- **Supplied information**

* * * *

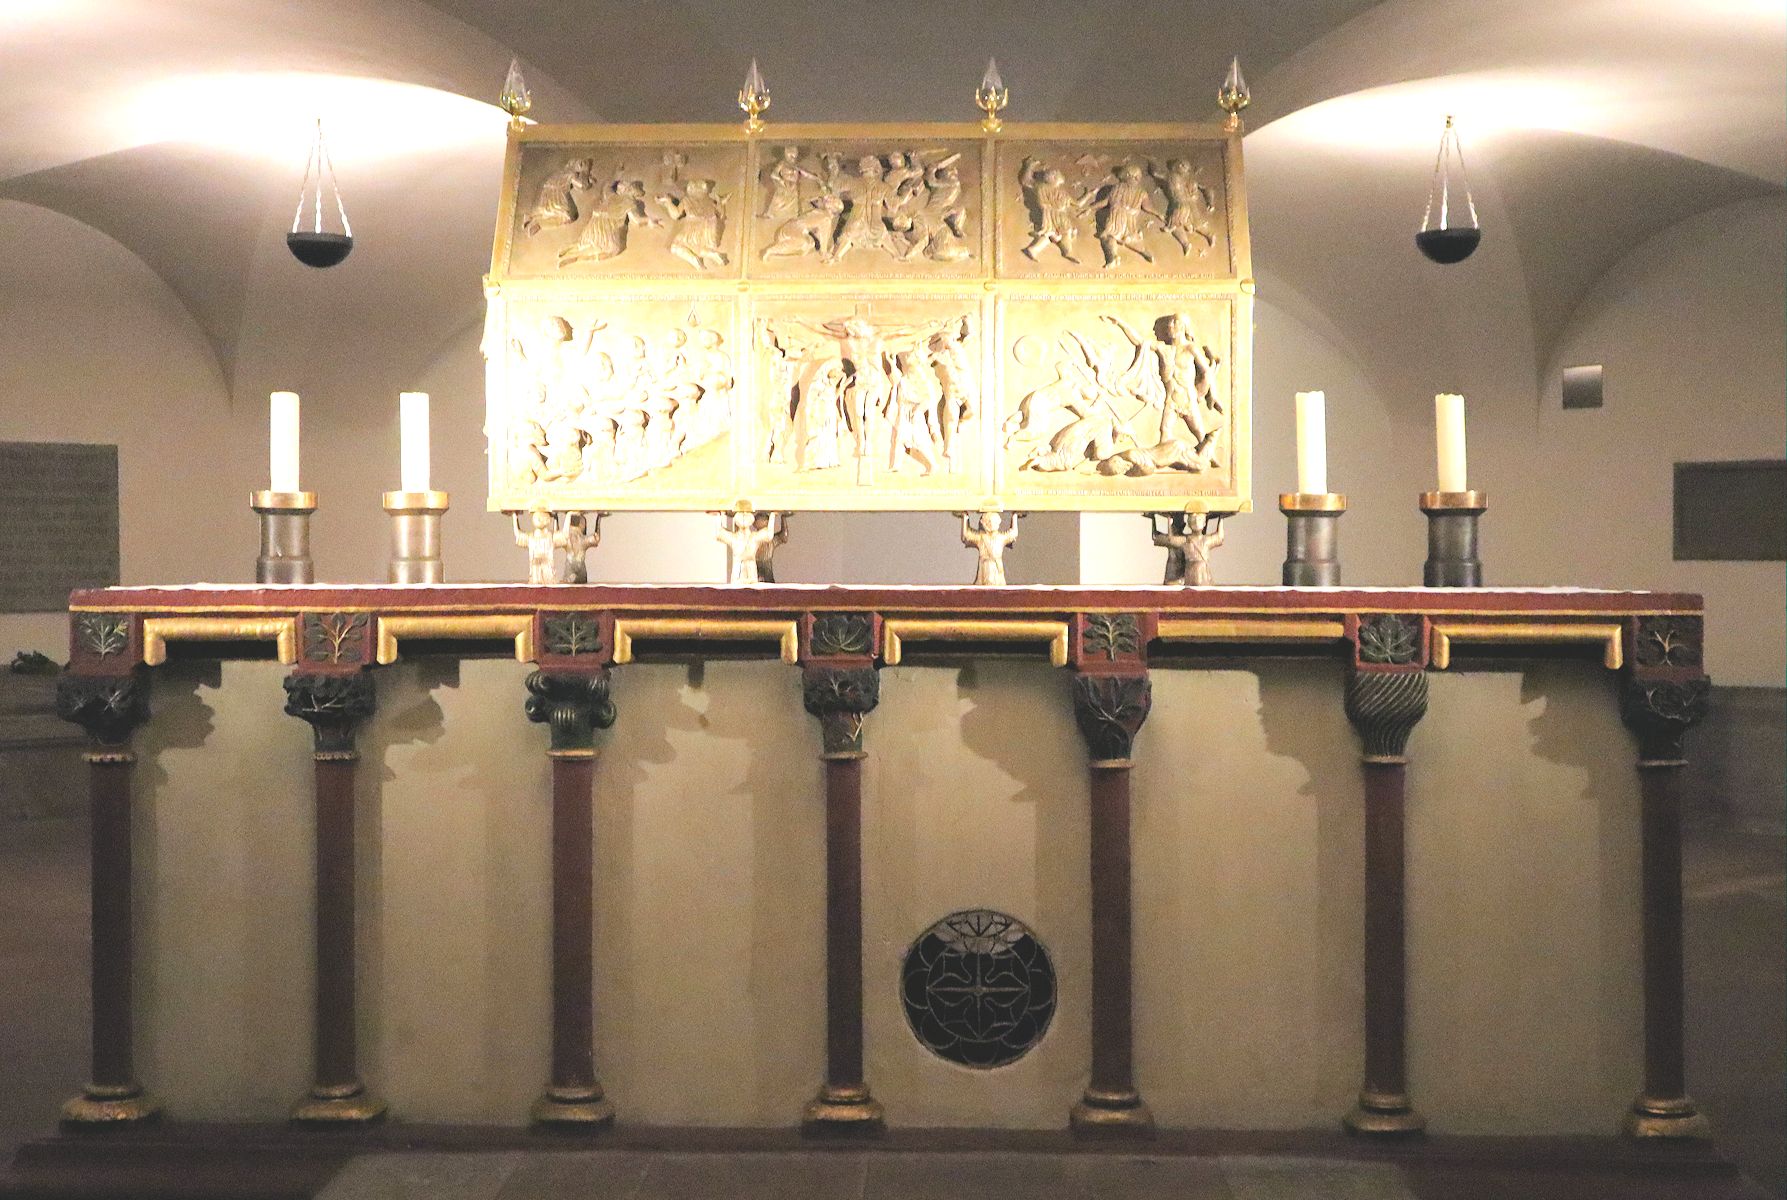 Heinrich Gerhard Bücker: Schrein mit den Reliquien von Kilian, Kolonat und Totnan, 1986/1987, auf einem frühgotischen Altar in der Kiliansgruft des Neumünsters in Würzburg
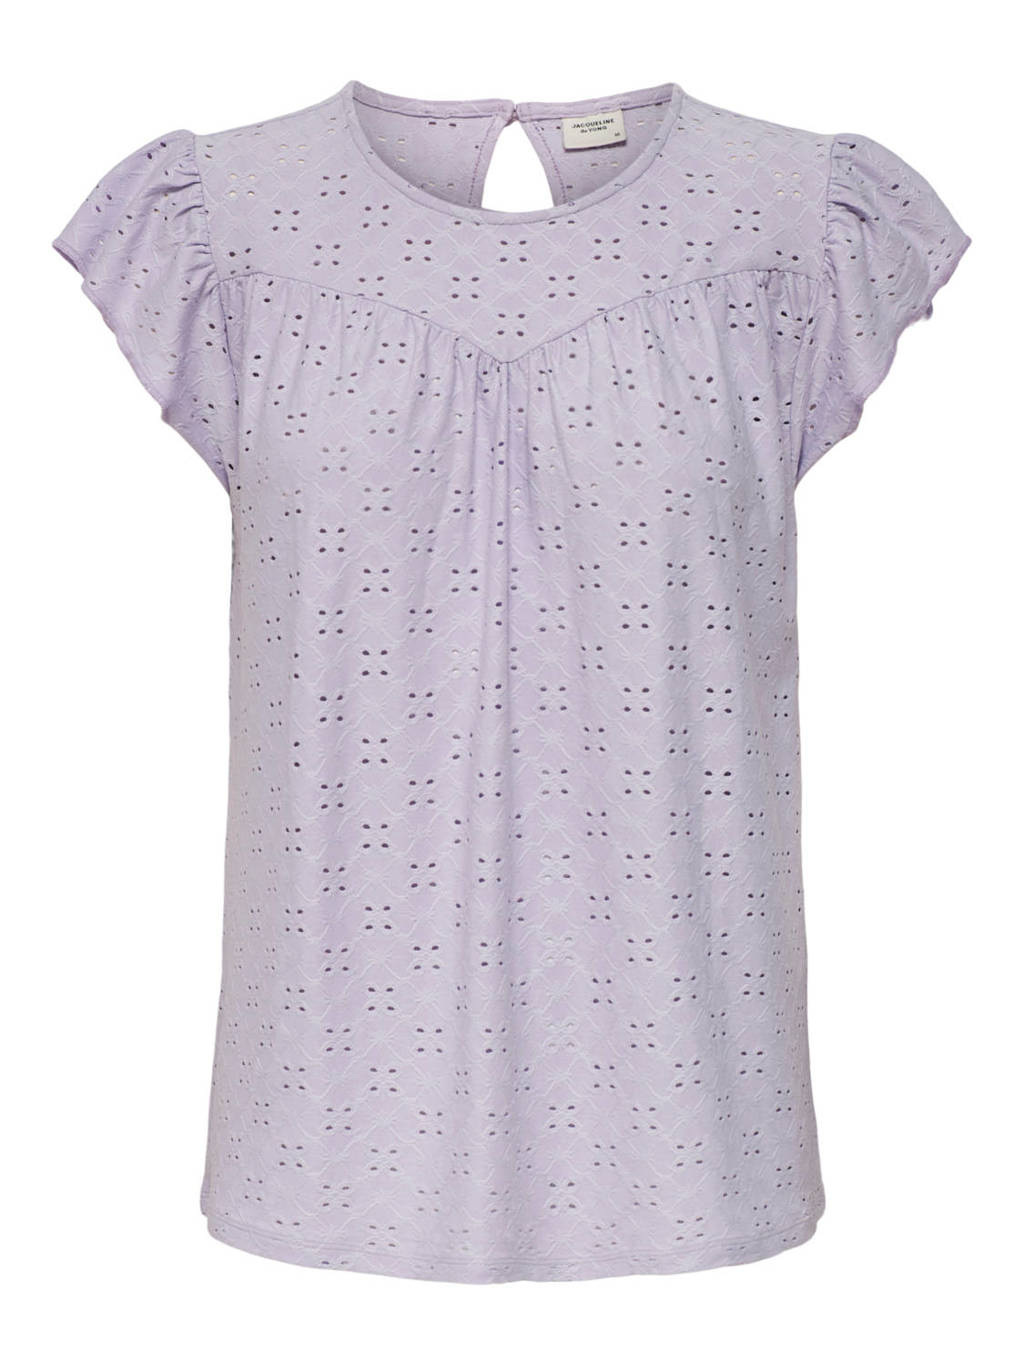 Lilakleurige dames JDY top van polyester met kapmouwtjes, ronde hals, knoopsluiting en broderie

* * * *

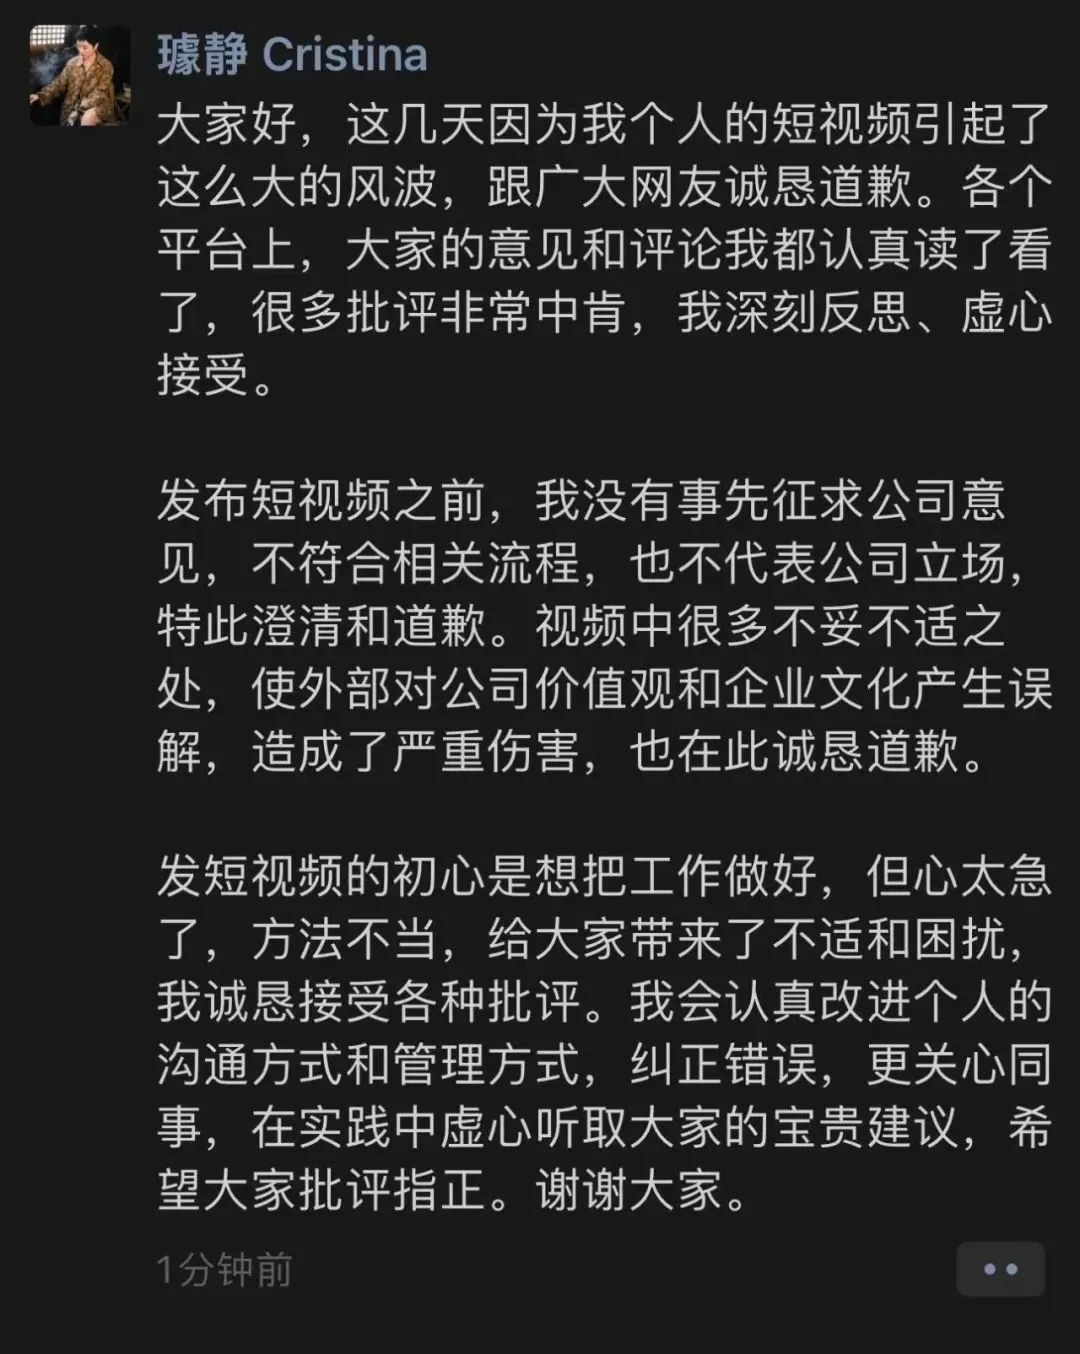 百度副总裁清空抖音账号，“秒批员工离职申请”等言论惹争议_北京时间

* * * *

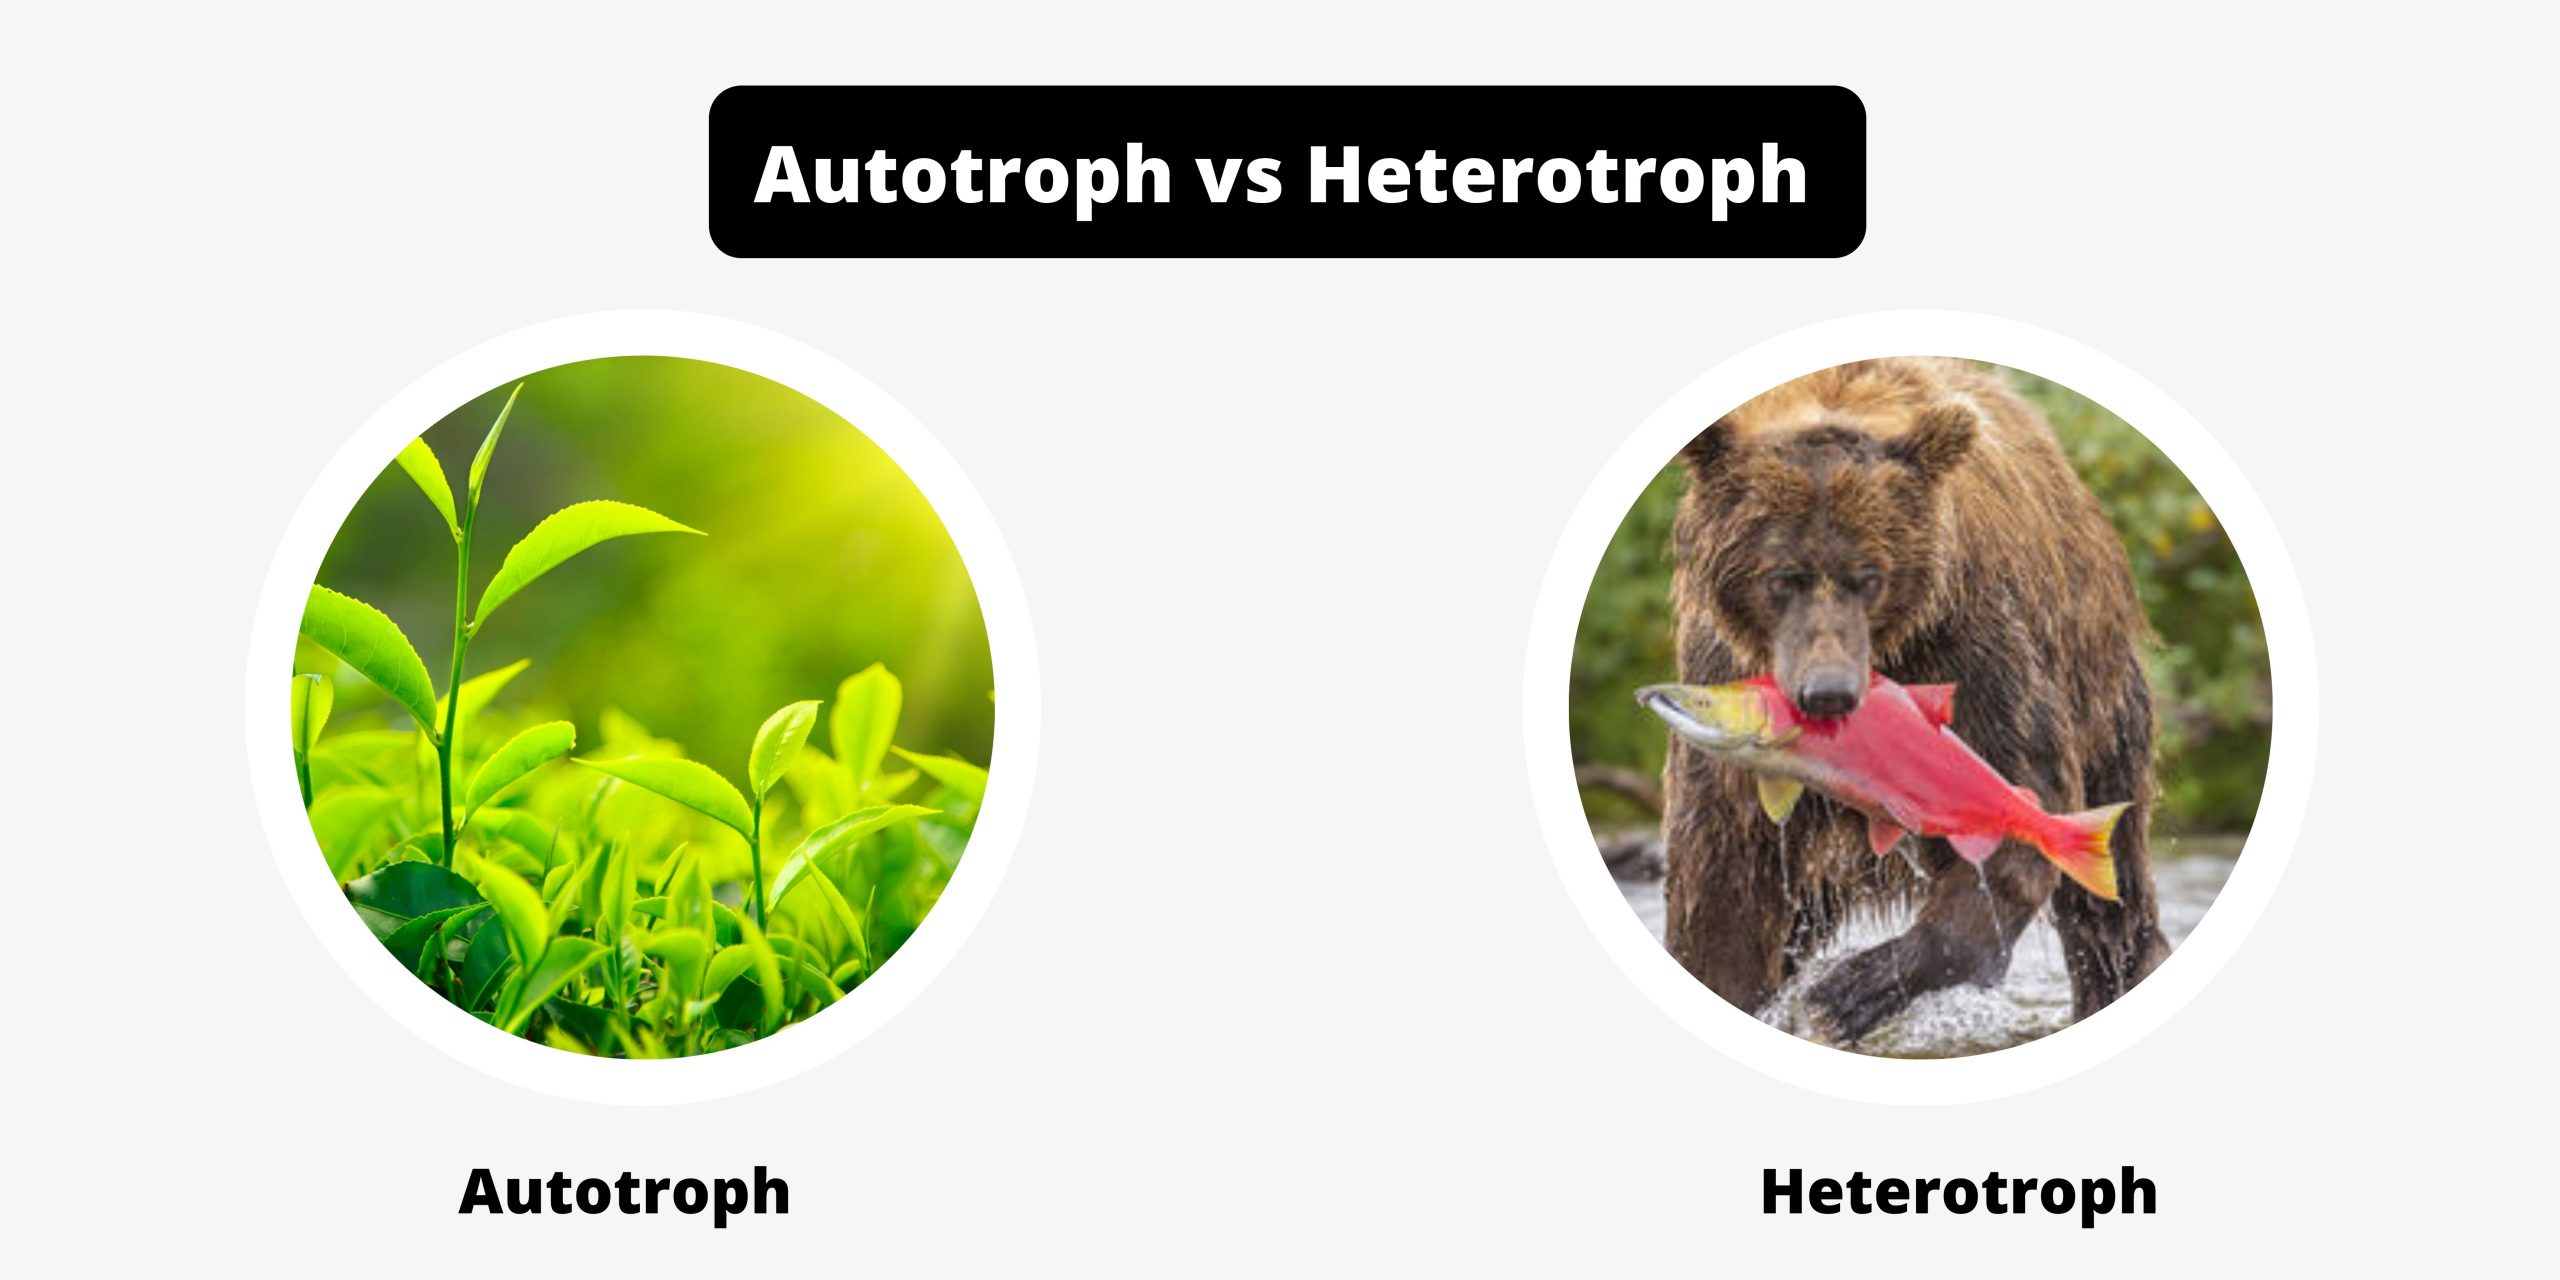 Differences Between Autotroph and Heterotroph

* * * *

Copy only the lines above from the one containing "Heinrich Gerhard Bücker: Schrein" through the one containing "Lilakleurige dames JDY", both included. Leave out the pictures.

- **Your response**
 Heinrich Gerhard Bücker: Schrein mit den Reliquien von Kilian, Kolonat und Totnan, 1986/1987, auf einem frühgotischen Altar in der Kiliansgruft des Neumünsters in Würzburg
 Lilakleurige dames JDY top van polyester met kapmouwtjes, ronde hals, knoopsluiting en broderie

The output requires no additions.